Despite advances in the diagnosis and management of idiopathic noncirrhotic portal hypertension, its pathogenesis remains elusive. Insight may be gained from study of early-onset familial idiopathic noncirrhotic portal hypertension, in which Mendelian mutations may account for disease. We performed exome sequencing of eight subjects from six kindreds with onset of portal hypertension of indeterminate etiology during infancy or childhood. Three subjects from two consanguineous families shared the identical rare homozygous p. N46S mutation in DGUOK, a deoxyguanosine kinase required for mitochondrial DNA replication; haplotype sharing demonstrated that the mutation in the two families was inherited from a remote common ancestor. All three affected subjects had stable portal hypertension with noncirrhotic liver disease for 6-16 years of follow-up. This mutation impairs adenosine triphosphate binding and reduces catalytic activity. Loss-offunction mutations in DGUOK have previously been implicated in cirrhosis and liver failure but not in isolated portal hypertension.
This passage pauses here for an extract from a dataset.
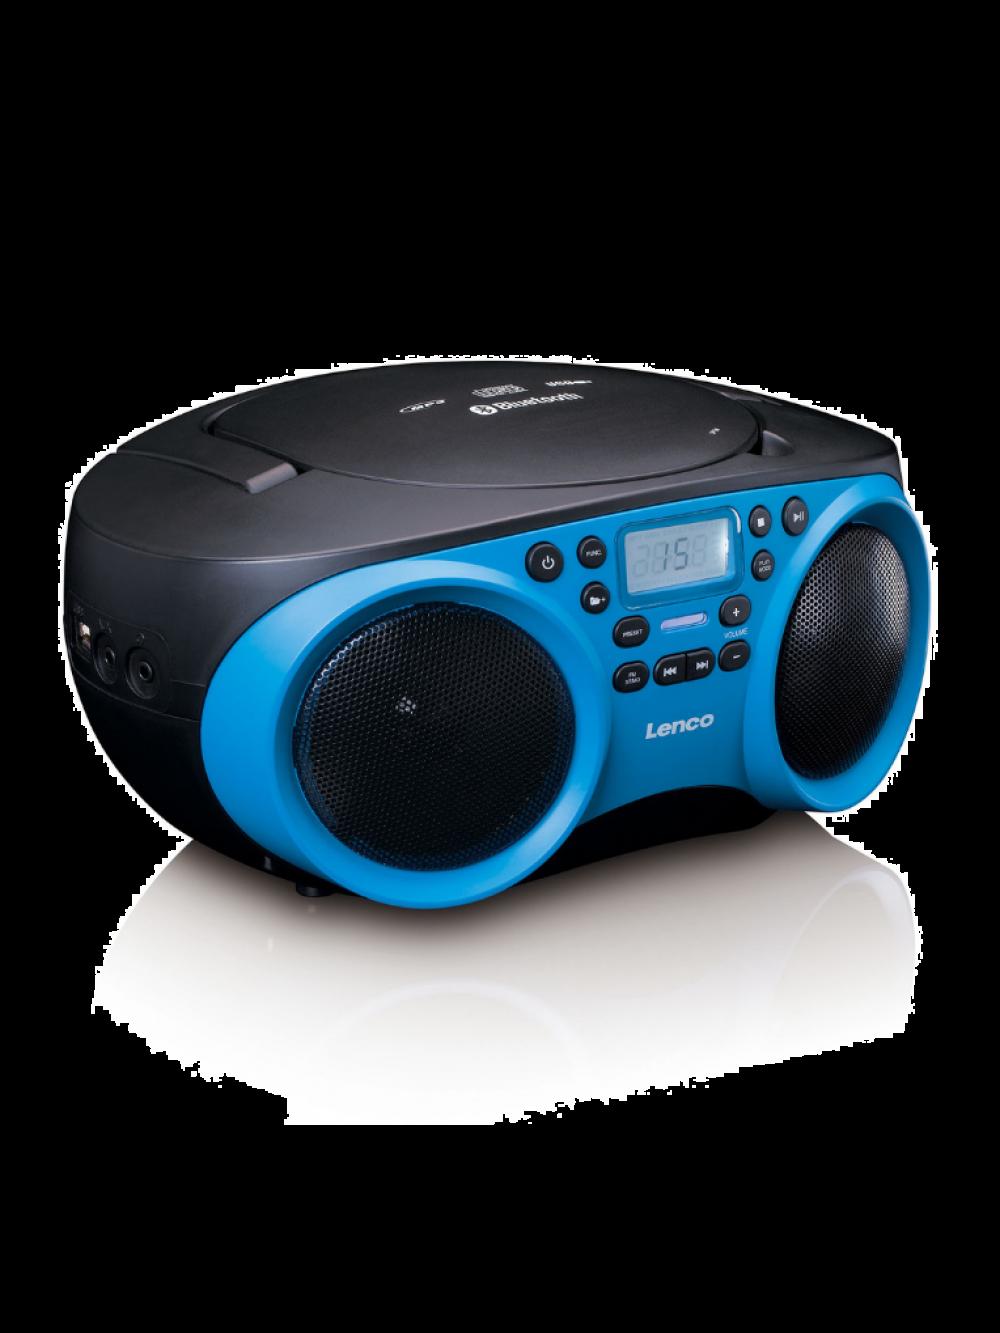 Lenco SCD-501BU φορητό ράδιο-cd player με επιλογές CD,MP3,USB,BT και AUX-IN

Interestingly, treatment of patients with human immunodeficiency viral infection with the nucleoside analogue didanosine is known to cause portal hypertension in a subset of patients and lowers deoxyguanosine kinase levels in vitro; the current findings implicate these effects on deoxyguanosine kinase in the causal mechanism. Conclusion: Our findings provide new insight into the mechanisms mediating inherited and acquired noncirrhotic portal hypertension, expand the phenotypic spectrum of DGUOK deficiency, and provide a new genetic test for a specific cause of idiopathic noncirrhotic portal hypertension.